Assignment:
There are pictures in the records below; leave them out and set down exactly the lines from the one holding "Vea cómo se" through the one holding "Heather in fiore".

Records for this task:
------------------------------------------------------------------------

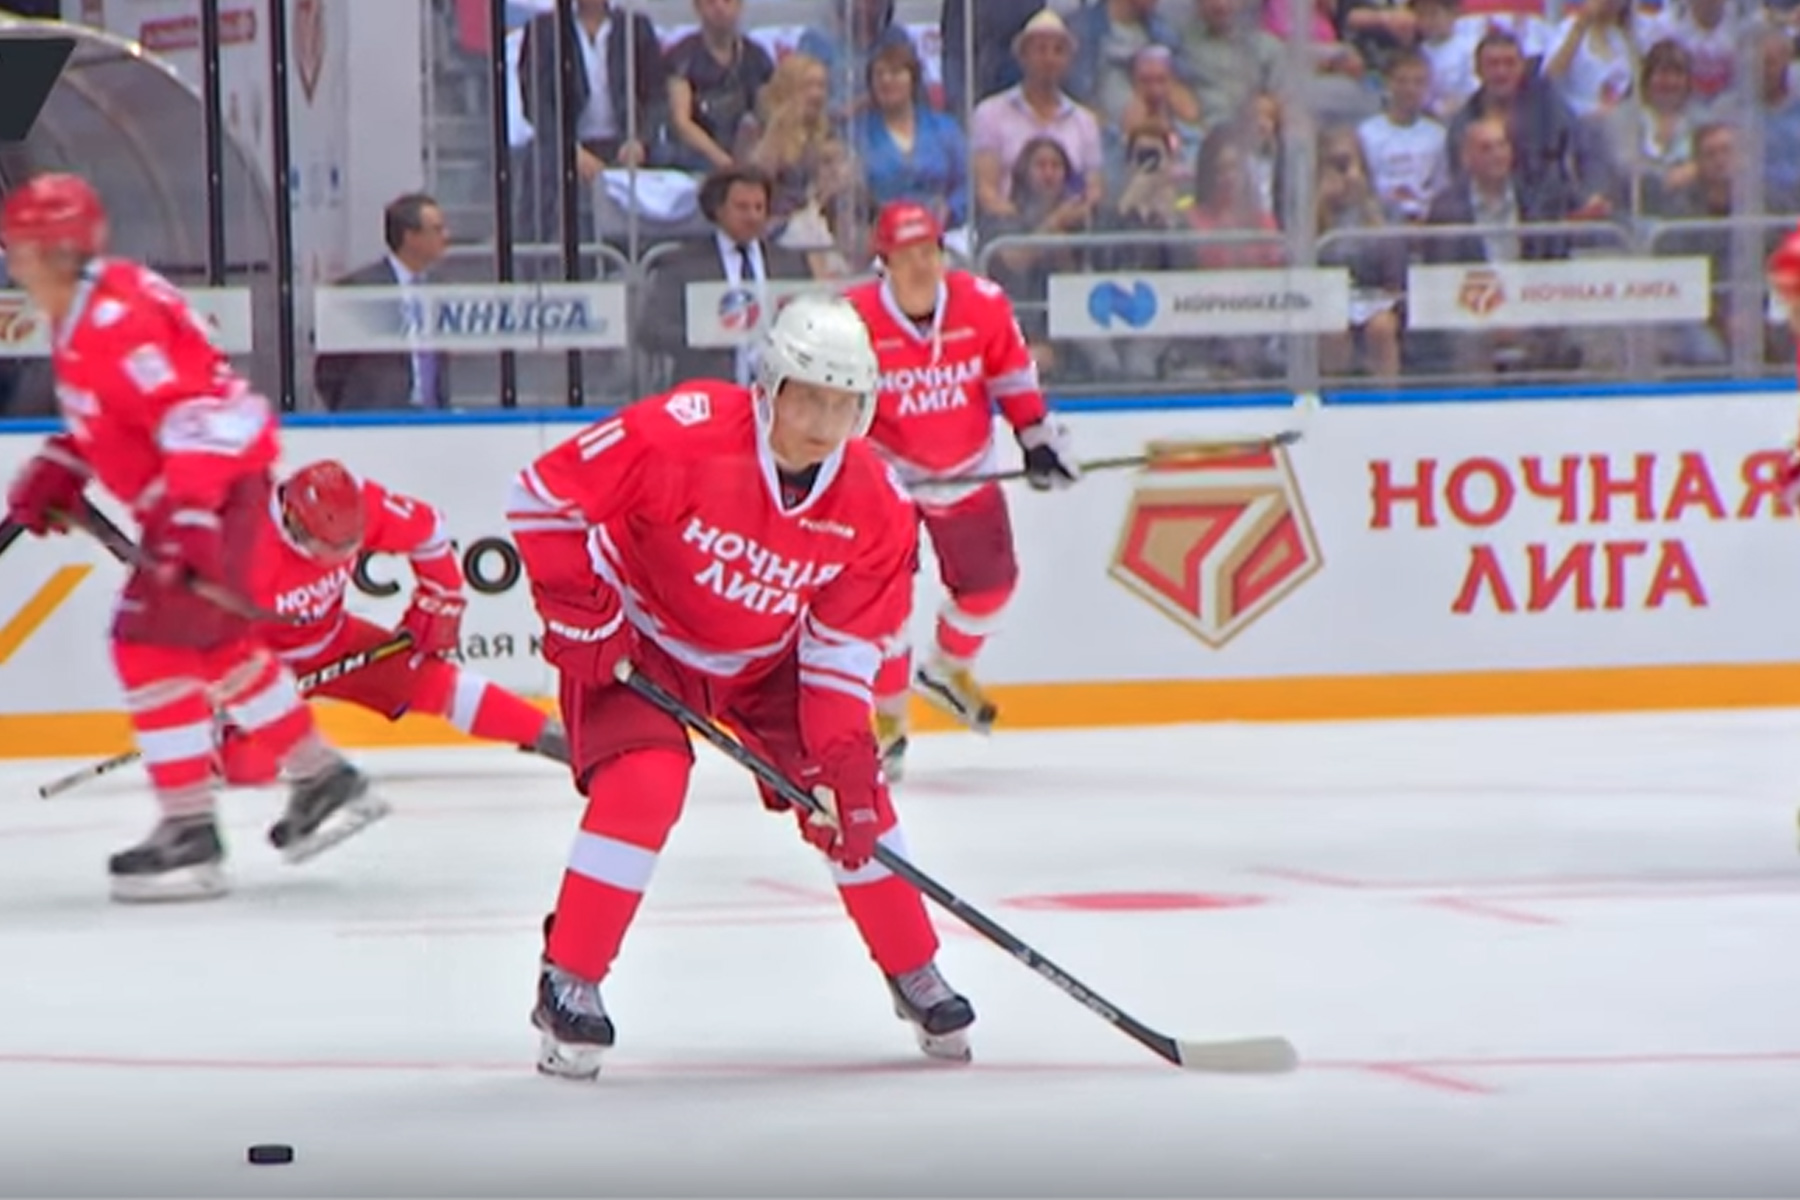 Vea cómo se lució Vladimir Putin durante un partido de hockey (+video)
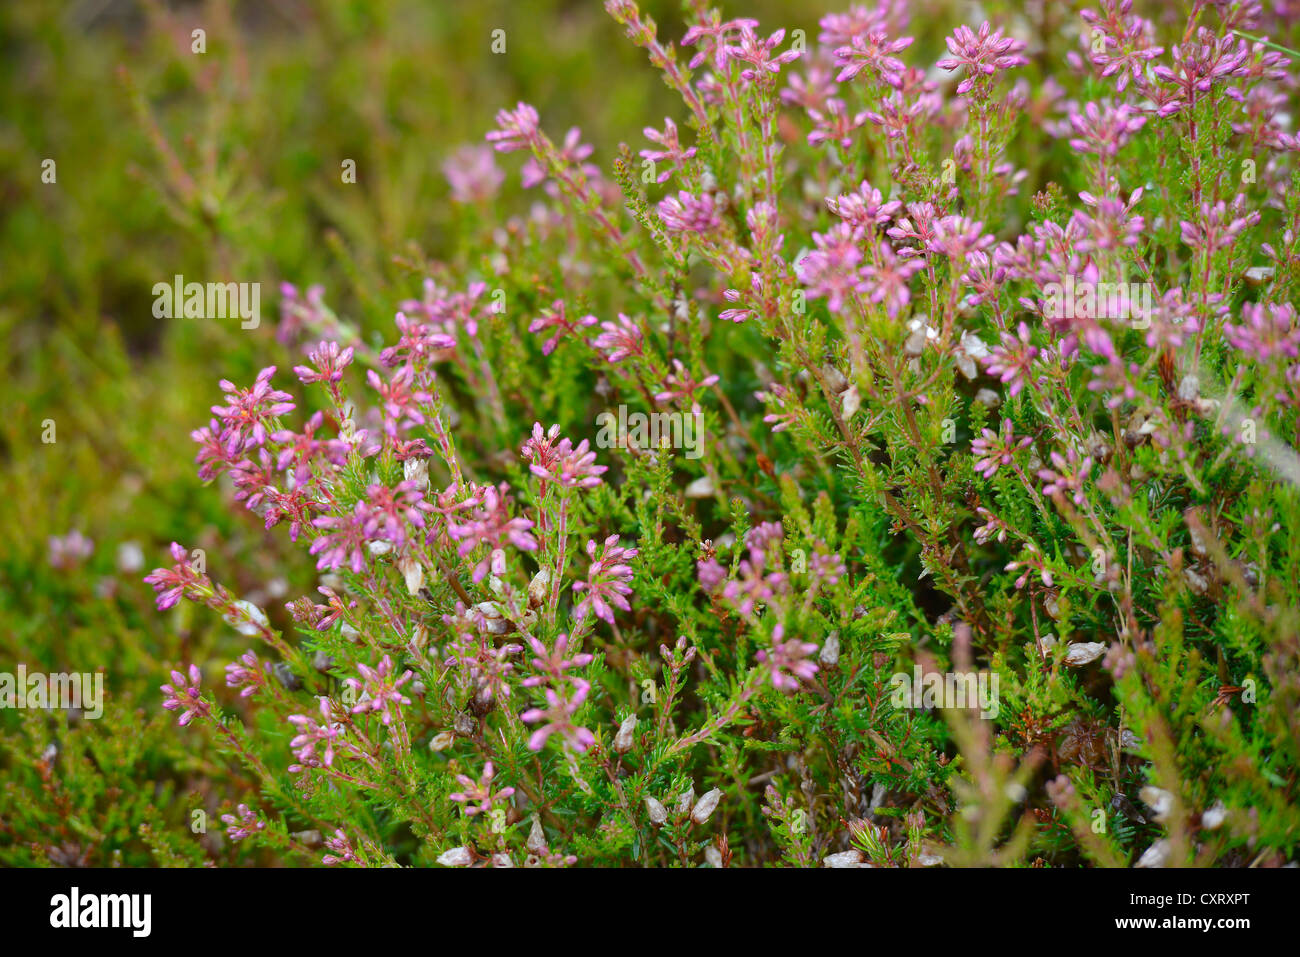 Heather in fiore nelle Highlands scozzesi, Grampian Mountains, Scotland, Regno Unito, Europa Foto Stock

------------------------------------------------------------------------

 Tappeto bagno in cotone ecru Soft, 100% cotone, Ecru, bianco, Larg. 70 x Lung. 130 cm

------------------------------------------------------------------------

Exercise answer:
 Vea cómo se lució Vladimir Putin durante un partido de hockey (+video)
 Heather in fiore nelle Highlands scozzesi, Grampian Mountains, Scotland, Regno Unito, Europa Foto Stock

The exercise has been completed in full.